Have noticed that my main radiator fan may not be kicking in after being sat idling for a while and showing fully up to temp on guage (need to check against 49c to verify), but in this thread it mentions pulling fuse 16 to see if the fans start, so just wanted to check the location of 16 - is it one of the three 30a fuses on top of the battery (as handbook as 16 in the side panel as something different)? Is the control module under the battery? And I presume it is coolant drain to change the temp sensor in the radiator if it comes to that?


----------



## davebowk (Aug 16, 2019)

Right side of the dash fuse panel, 10 amp fuse top one second from left. RHD car. It is number 16 that will turn the fans on with ignition on when removed.
Just fitted a replacement big fan this weekend so fresh in my head.


----------



## Hoggy (May 8, 2002)

Hi BadgerTT, Do the fans run if A/C is ON?
Also check the cooling fan fuses on top of the battery.








Both fans should always run at the same time. 98 degrees ish both on slow speed, 106ish both on high speed. 
The thermal switch in rad will require a coolant drain, but changing the coolant temp sensor (Code 49) will only lose a small amount of coolant.
Hoggy.


----------



## BadgerTT (Nov 16, 2019)

So only the small fan runs, big one is stationary. So I need to test if it runs I guess through the fuse 16 pull option. If it makes no difference fan control unit or fan itself as the next step? Green 30A fuse looks ok.


----------



## David C (Apr 15, 2013)

BadgerTT said:


> So only the small fan runs, big one is stationary. So I need to test if it runs I guess through the fuse 16 pull option. If it makes no difference fan control unit or fan itself as the next step? Green 30A fuse looks ok.


Fans are wired as a pair.
They can only run as a pair.

If only one fan runs, the other one has failed.


----------



## BadgerTT (Nov 16, 2019)

Davebowk - thank you for the steer onto the fuse, will check later to confirm just the small fan is working. Looks like I might be heading for a fan replacement, any top tips for the swap out? Think you might have mentioned somewhere about needing to take the throttle body off?


----------



## davebowk (Aug 16, 2019)

BadgerTT said:


> Davebowk - thank you for the steer onto the fuse, will check later to confirm just the small fan is working. Looks like I might be heading for a fan replacement, any top tips for the swap out? Think you might have mentioned somewhere about needing to take the throttle body off?

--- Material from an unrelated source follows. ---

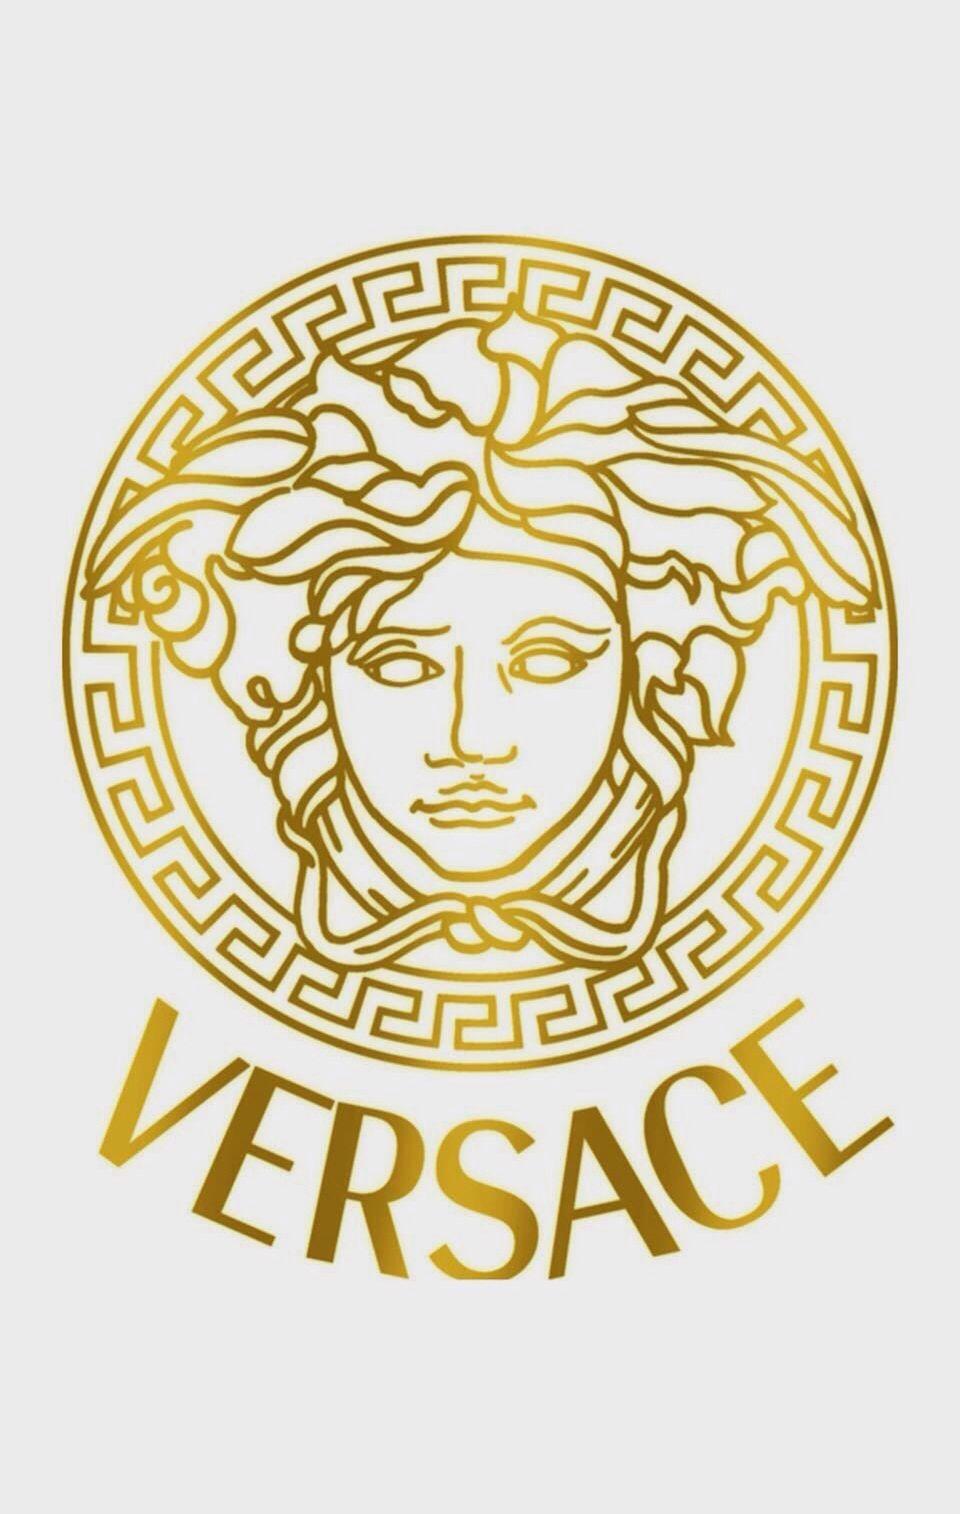 b9133b5809 Versage | art | Logos de moda, Logo versace, Versace

You need to get underneath for the fan frame bottom screw and the wiring connector.
Remove top plastic trim panels
Undo top 2 screws and remove throttle body
Then you need to get it past the aircon pipe and the rad top hose.
I had to get the support arms in a position that rotating them forced them past the pipes.
It's tight but doable.
If you remove the rad top hose it will come out easier but then you have coolant loss.
When free remember the orientation as it came out and refit in reverse.

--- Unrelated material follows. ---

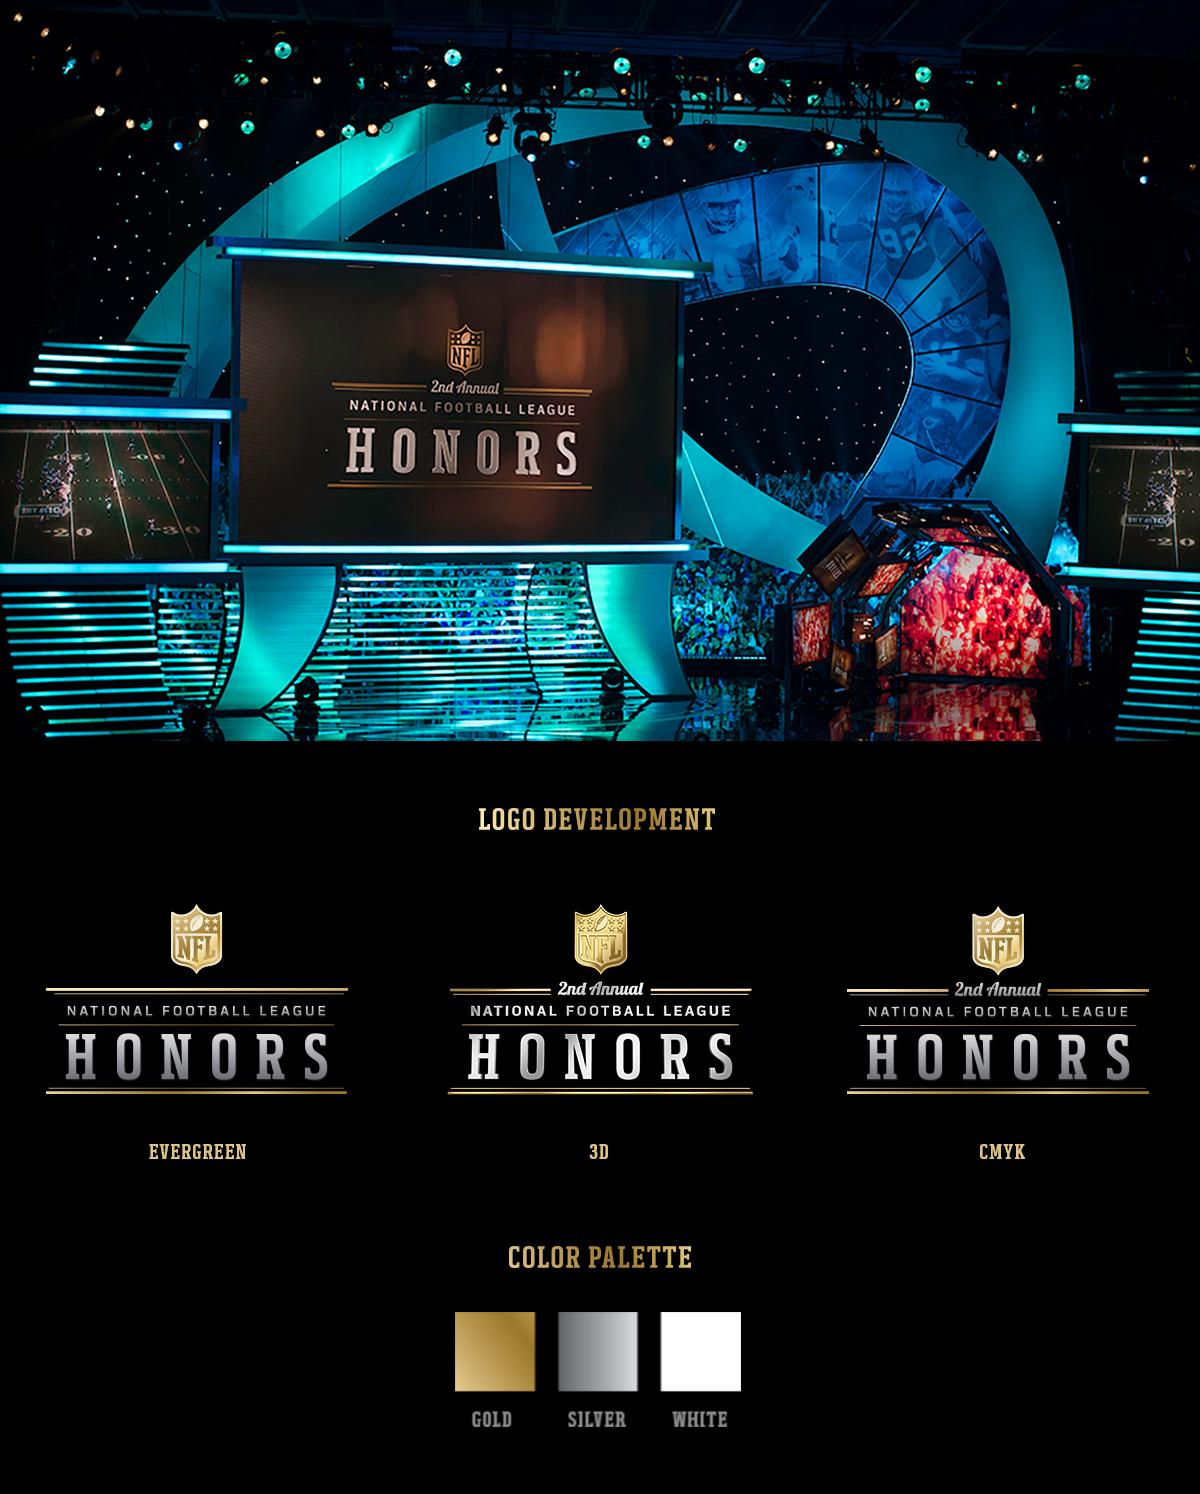 NFL_Honors_identity.jpg

I replaced it with a A3 fan i think. The motor is a bit smaller depth wise. It was flush with the back of the support frame


----------



## BadgerTT (Nov 16, 2019)

Great, thank you. Found a couple of videos showing swaps in Golfs, just don't have the throttle body in the way. Checked the fans for free spinning and the big one has a fair degree of resistance so looks like it is goosed, ordering a new one (need to check diameter) - though a suprising difference in prices between GSF and ECP. Necessary to renew the throttle body gasket? Another unexpected task in life with a TT.


----------



## davebowk (Aug 16, 2019)

BadgerTT said:


> Great, thank you. Found a couple of videos showing swaps in Golfs, just don't have the throttle body in the way. Checked the fans for free spinning and the big one has a fair degree of resistance so looks like it is goosed, ordering a new one (need to check diameter) - though a suprising difference in prices between GSF and ECP. Necessary to renew the throttle body gasket? Another unexpected task in life with a TT.


Yeah, new gasket required. I have gasket material so just made one.


----------



## tt92103 (Jun 4, 2015)

Consider unplugging the fan connector and applying 12V to it to make sure it is dead, before going to all the work of removing it. It is a 3 pin connector. The wire colors are Brown (GND), Red/White (low speed), and Red/Black (high speed).
On low speed the current flows through a resistor (1 ohm i think?).


----------



## dlk1231 (Jul 30, 2018)

My car runs very hot, thought I had oil leaking on to manifold as light blue smoke coming from engine bay when hot, no oil leaks but found both fans not kicking in, they seem seized as cannot turn them easily by hand, took fuse 16 out but still not on, fuse on battery is fine, tries AC Auto. Any tips on un-seizing fans?


----------



## David C (Apr 15, 2013)

[email protected] said:


> My car runs very hot, thought I had oil leaking on to manifold as light blue smoke coming from engine bay when hot, no oil leaks but found both fans not kicking in, they seem seized as cannot turn them easily by hand, took fuse 16 out but still not on, fuse on battery is fine, tries AC Auto. Any tips on un-seizing fans?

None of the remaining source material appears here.